INPUT:

[Start of Attachment]

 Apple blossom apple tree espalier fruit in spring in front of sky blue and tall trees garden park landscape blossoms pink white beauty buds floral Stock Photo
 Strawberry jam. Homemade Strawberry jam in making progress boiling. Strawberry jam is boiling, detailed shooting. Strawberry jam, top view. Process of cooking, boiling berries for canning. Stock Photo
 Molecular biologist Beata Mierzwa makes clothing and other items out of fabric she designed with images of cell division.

[End of Attachment]
[Start of Attachment]

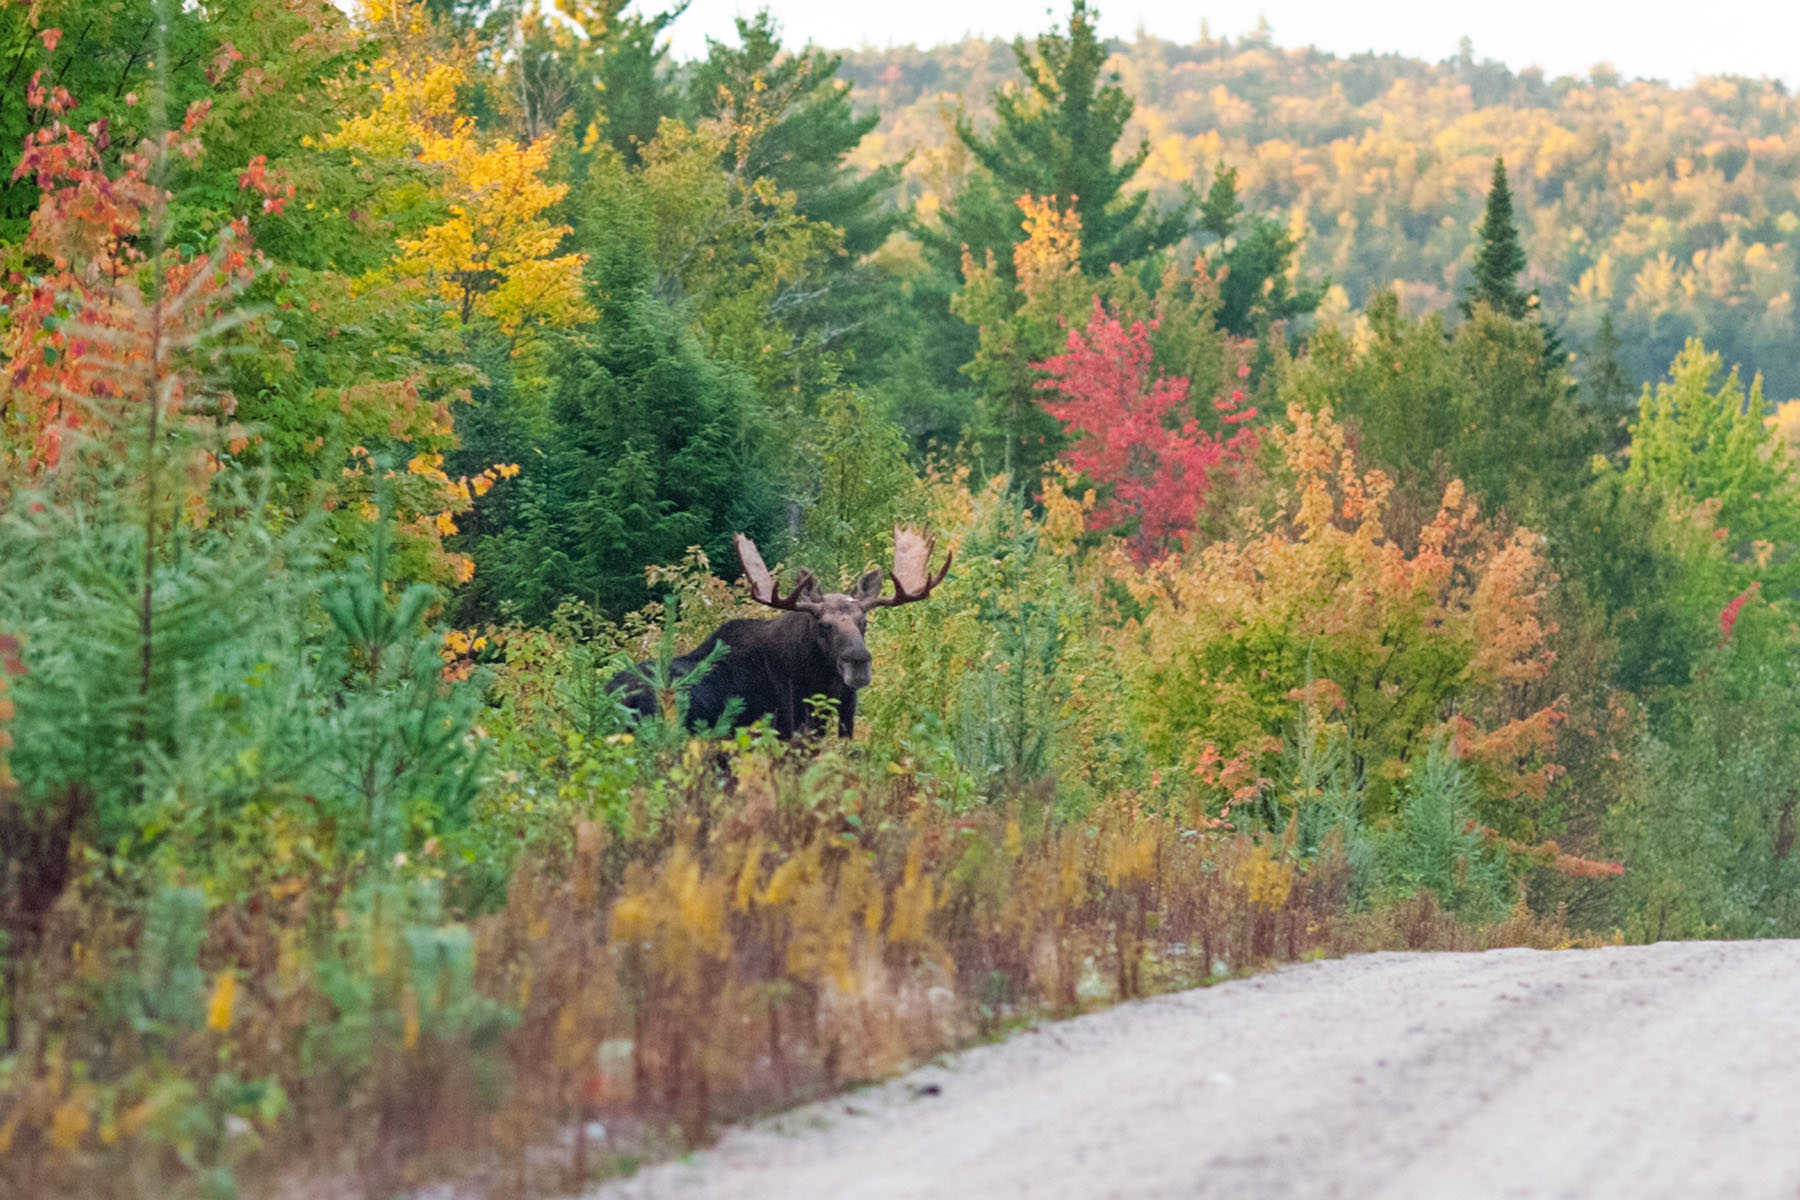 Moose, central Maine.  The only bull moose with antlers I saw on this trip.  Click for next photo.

[End of Attachment]

Copy word for word the stretch of entries above from the line that has "Apple blossom apple" through the line that has "Strawberry jam. Homemade", both ends included, and nothing outside it.

EXERCISE OUTPUT:
 Apple blossom apple tree espalier fruit in spring in front of sky blue and tall trees garden park landscape blossoms pink white beauty buds floral Stock Photo
 Strawberry jam. Homemade Strawberry jam in making progress boiling. Strawberry jam is boiling, detailed shooting. Strawberry jam, top view. Process of cooking, boiling berries for canning. Stock Photo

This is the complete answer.